In 2018 when residents made a push to hold the Steamship accountable for over 500 mechanical breakdowns the Times published a photo of myself on the front page, arm raised addressing the board of directors with the quote, “You should be scared, all of you. I’m not threatening you.” Menacing from a glance, but if journalistic integrity was honored, the Times would have included the whole quote: “You guys should be scared, all of you, especially you (as I motion to the general manager). I’m not threatening you but this is a public service and you guys need to be held accountable.” In such a small social ecosystem, accuracy and full quotes are very important.

With my comments on Tashmoo cleanup in this past issue, the Times again leans more towards exaggeration than accuracy.

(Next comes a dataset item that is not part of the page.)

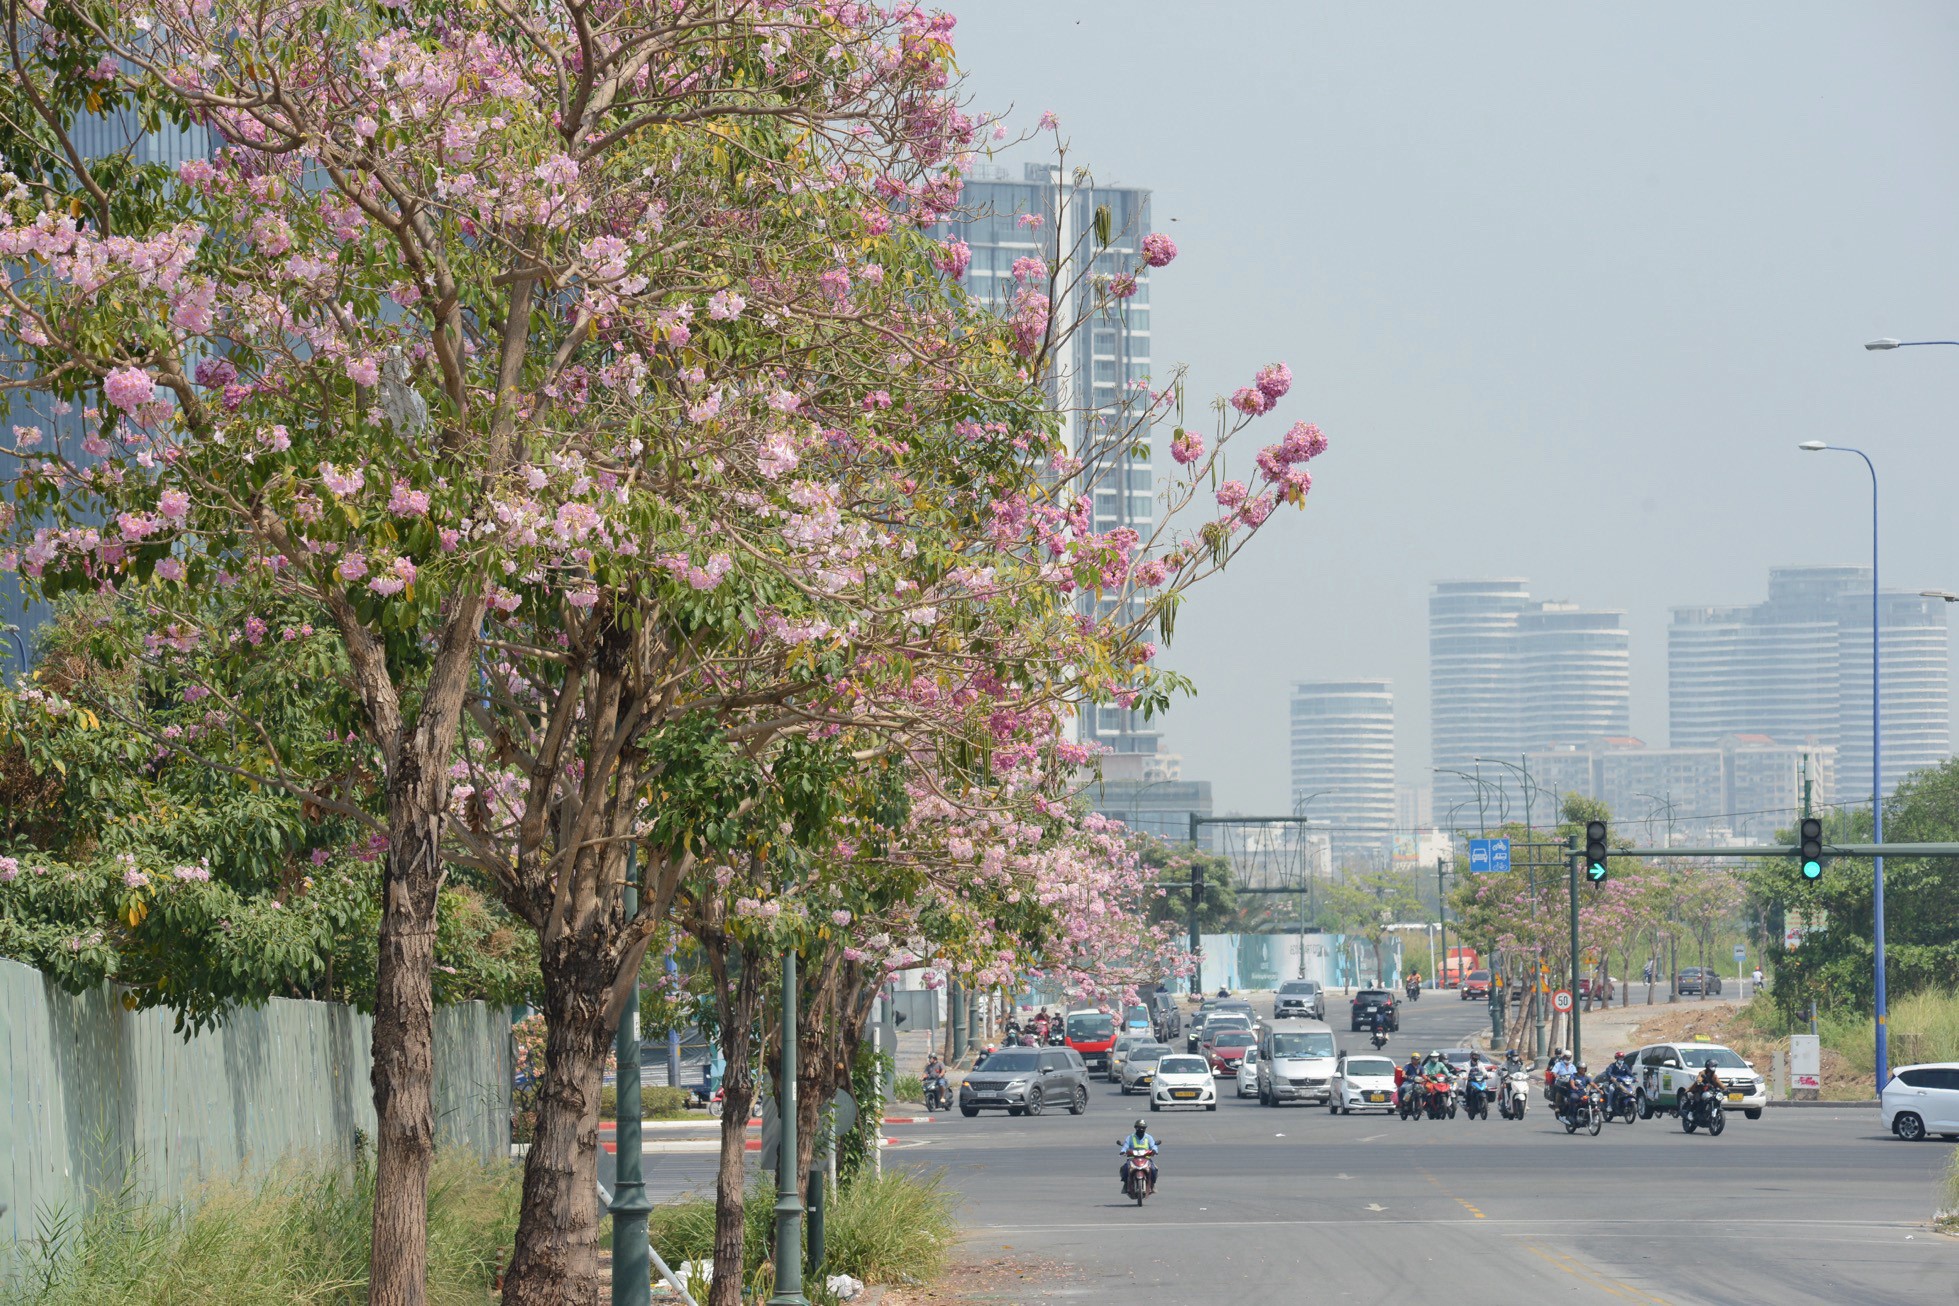 Nhiều người lưu thông trên đường không khỏi xốn xang khi thấy hoa kèn hồng khoe sắc trong nắng.
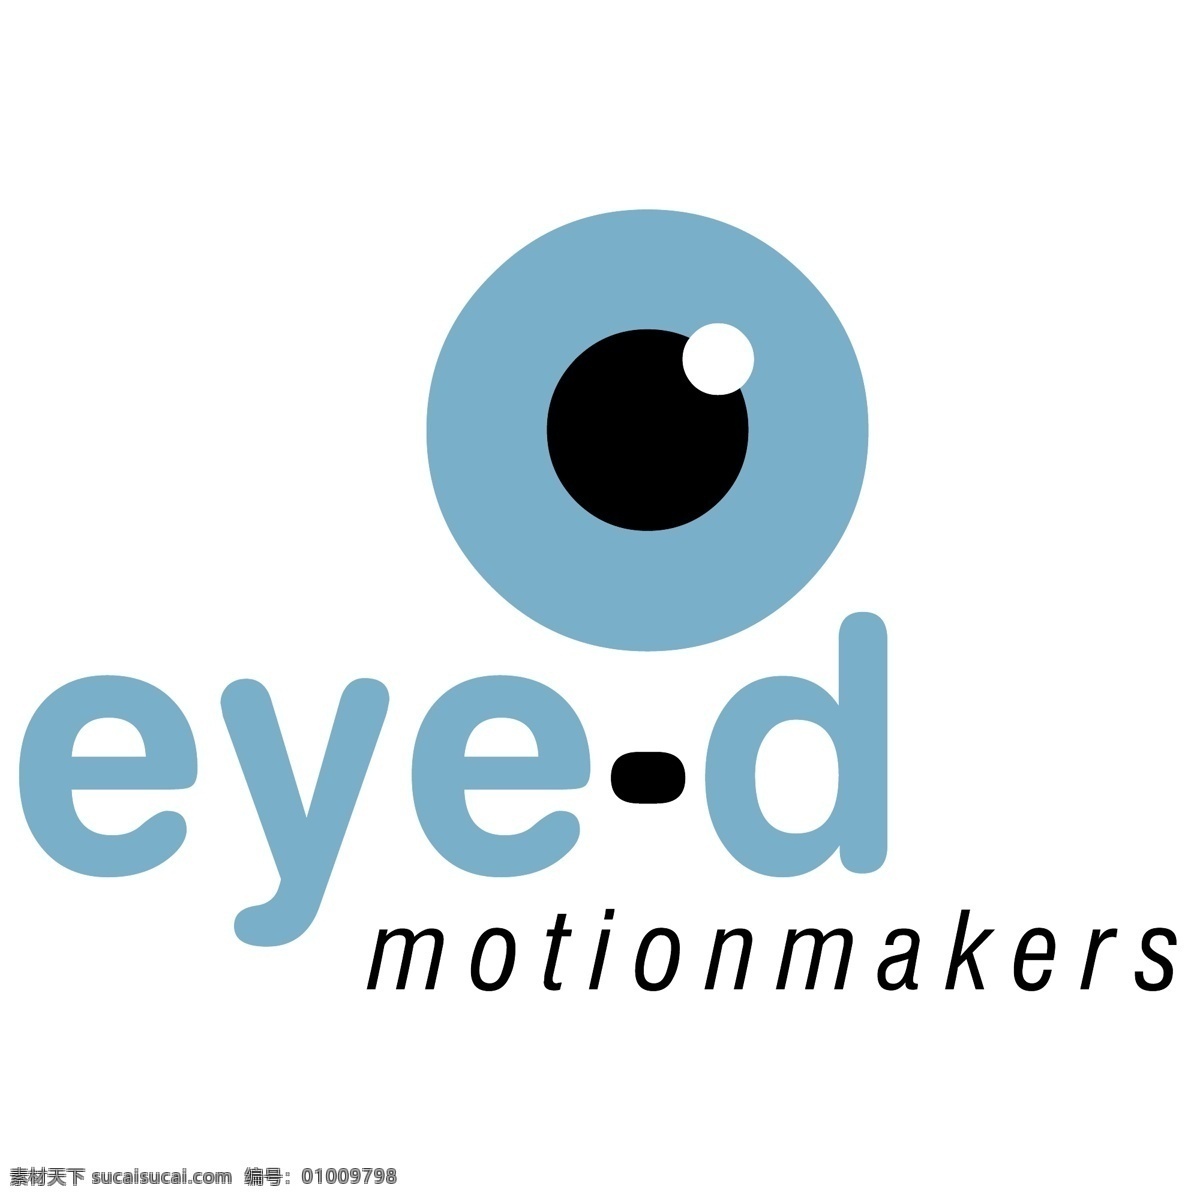 眼睛 motionmakers 免费 矢量图 眼睛在向量 向量 矢量 图形 建筑家居

To clarify and put my abbreviated quote in context: There are 40 drains starting at the bottom of the Tisbury School that run along West Spring Street and discharge directly into the salt marsh at the southern end of Tashmoo. I swim off the Lake Street dock and off my boat all the time, but as Tashmoo takes 3.2 days to fully empty out, I do not swim in the southern half of the pond in the days after a heavy rain, instead I anchor by the mouth to swim. This year, stormwater needs to be addressed with urgency as school demolition and construction occurs. The runoff from construction materials, including asbestos and lead, will be emptied directly into the back of Tashmoo.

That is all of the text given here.